The Blue Squadron (Escuadrilla Azul, 15. Spanische Staffel) was a generic name given to the group of volunteer pilots and ground crews recruited from the Spanish Air Force that fought on the side of Germany on the Eastern Front, during the Second World War. The "Blue Patrol" was a counterpart offered by Francisco Franco to Nazi Germany for its help with the Condor Legion during the Spanish Civil War.

Between September 1941 and May 1943 five Spanish squadrons rotated through the Eastern Front, attached to Luftwaffe fighter wings Jagdgeschwader 27 and Jagdgeschwader 51.
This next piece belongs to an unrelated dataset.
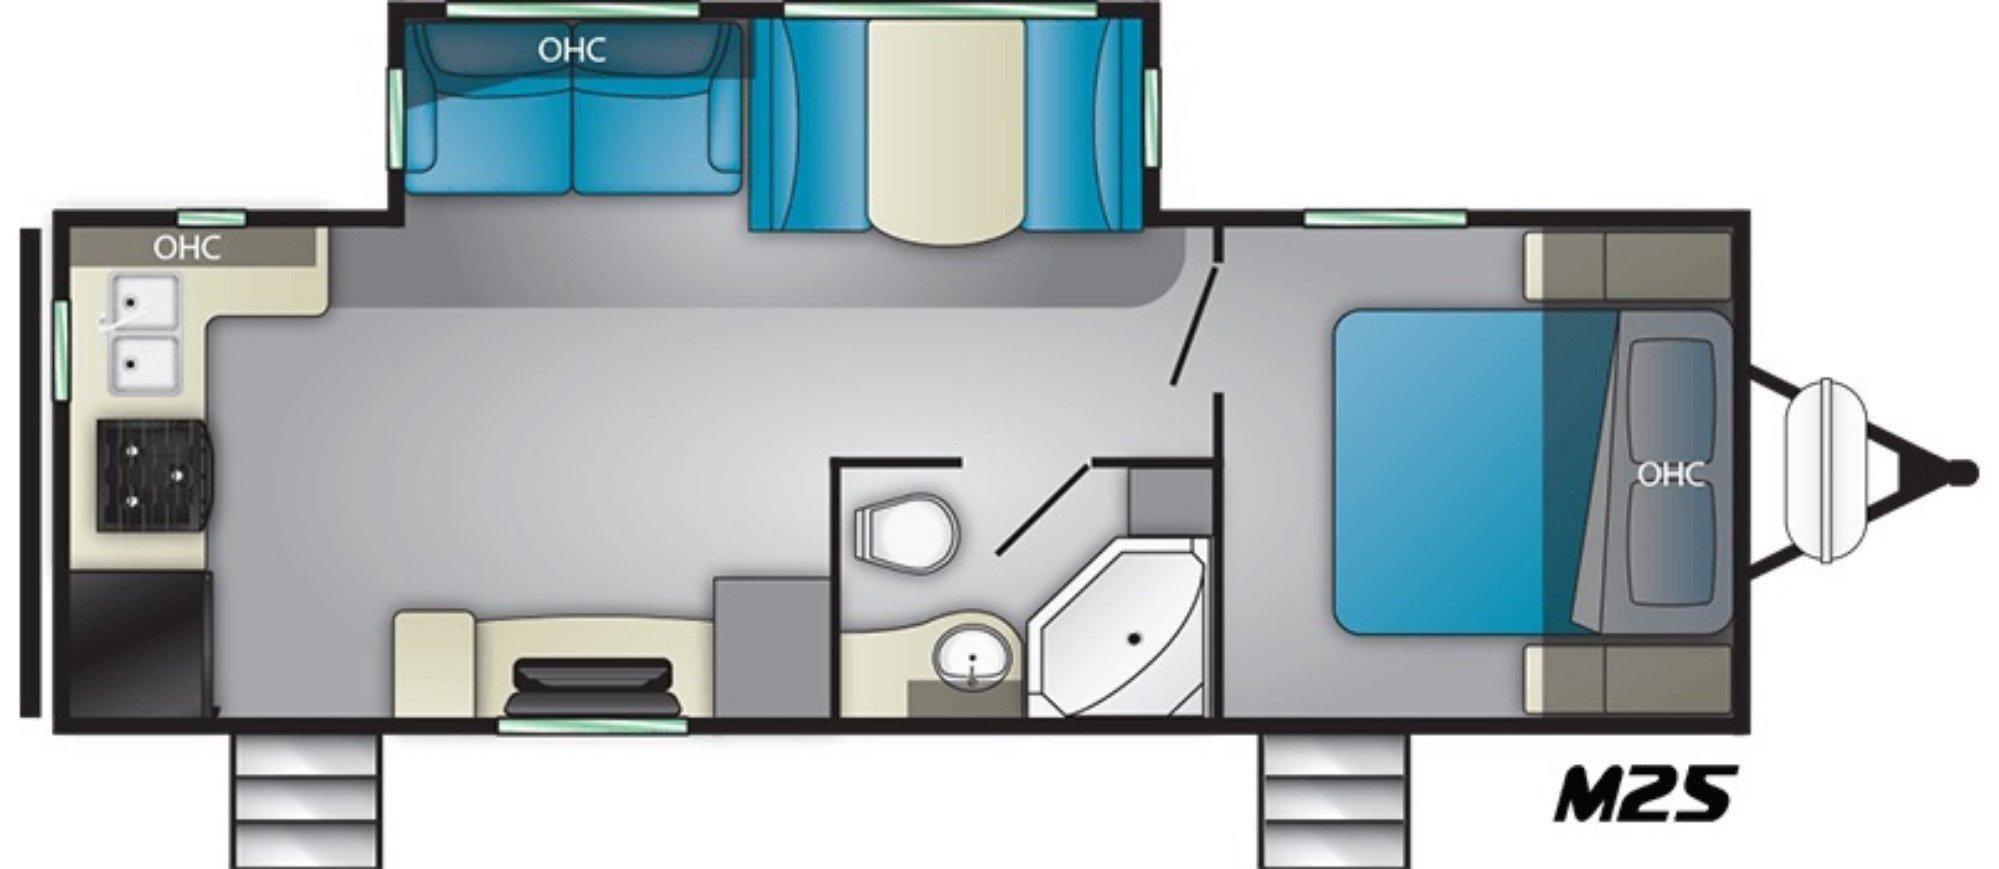 View Floor Plan for 2020 HEARTLAND MALLARD M25

Flying Messerschmitt Bf 109 fighters and Focke-Wulf Fw 190 fighter-bombers, the Spaniards were credited with destroying more than 160 Soviet aircraft in nearly two years, while losing 20 pilots killed, missing, or captured. The unit remained in central Russia, despite requests by Agustín Muñoz Grandes that they be attached to the Blue Division, until their withdrawal in 1943.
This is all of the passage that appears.